Bash – Using grep in conditional statement in bash

bashshell-scriptUbuntu

I'm still very new to scripting in bash, and just trying a few what I thought would be basic things. I want to run DDNS that updates from the my server running Ubuntu 14.04.

Borrowing some code from dnsimple, this is what I have so far:

#!/bin/bash

LOGIN="email"
TOKEN="token"
DOMAIN_ID="domain"
RECORD_ID="record"
IP=`curl -s http://icanhazip.com/`

OUTPUT=`
curl -H "Accept: application/json" \
     -H "Content-Type: application/json" \
     -H "X-DNSimple-Domain-Token: $TOKEN" \
     -X "PUT" \
     -i "https://api.dnsimple.com/v1/domains/$DOMAIN_ID/records/$RECORD_ID" \
     -d "{\"record\":{\"content\":\"$IP\"}}"`

if ! echo "$OUTPUT" | grep -q "(Status:\s200)"; then

echo "match"

$(echo "$OUTPUT" | grep -oP '(?<="message":")(.[^"]*)' >> /home/ddns/ddns.log)
$(echo "$OUTPUT"| grep -P '(Status:\s[0-9]{3}\s)' >> /home/ddns/ddns.log)

fi

The idea is that it runs every 5 minutes, which I have working using a cronjob.
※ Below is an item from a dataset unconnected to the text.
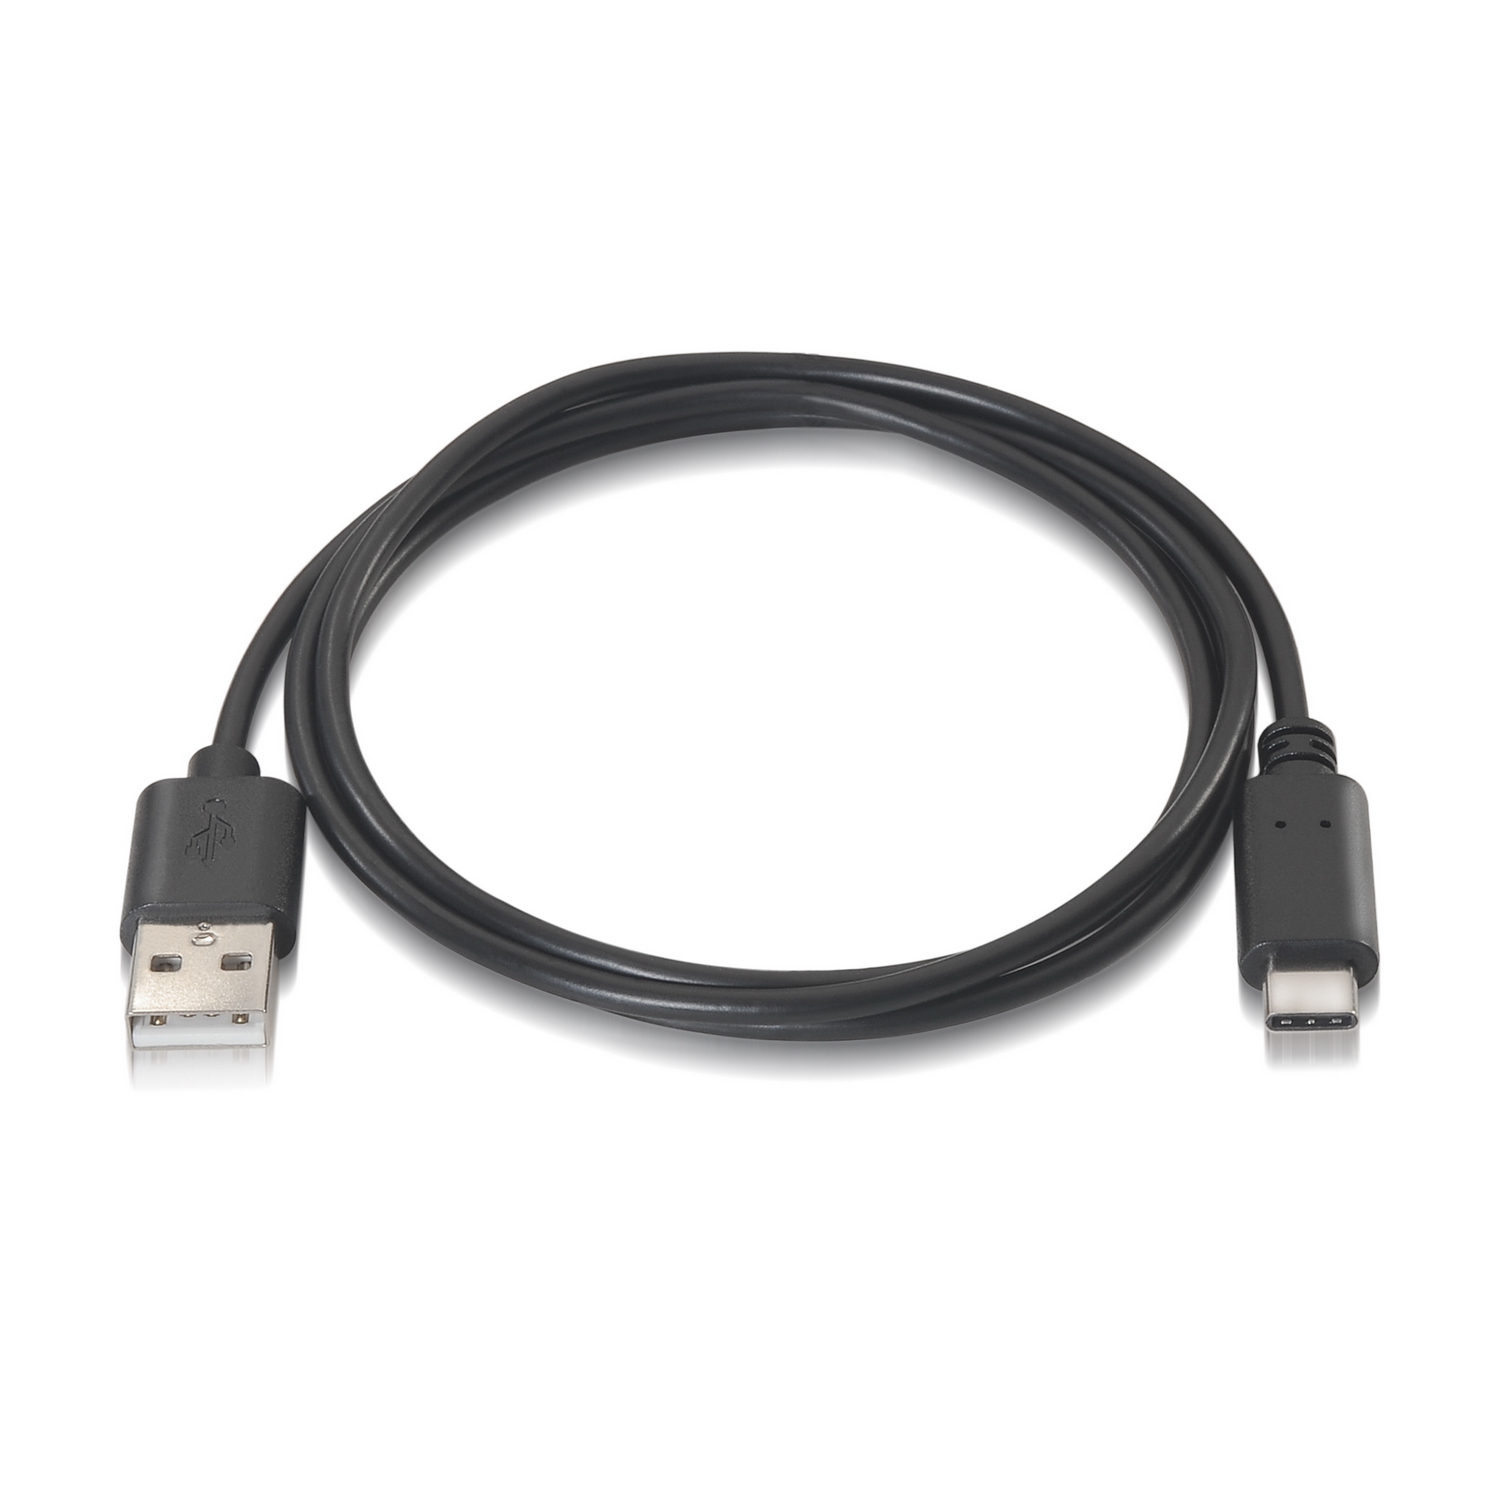 CABLE USB A TIPO C (Carga Rápida), Sin Marca en Colombia desde $7.140

I then want to check the output of the curl to see if the status is "200" or other. If it is something else, then I want to save the output to a file.

What I can't get working is the if statement. As I understand it, the -q on the grep command will provide an exit code for the if statement. However I can't seem to get it work. Where have I gone wrong?

Best Answer

You're almost there. Just omit the exclamation mark:

OUTPUT='blah blah (Status: 200)'
if echo "$OUTPUT" | grep -q "(Status:\s200)"; then
    echo "MATCH"
fi

Result:

MATCH

The if condition is fulfilled if grep returns with exit code 0 (which means a match). The ! exclamation mark will negate this.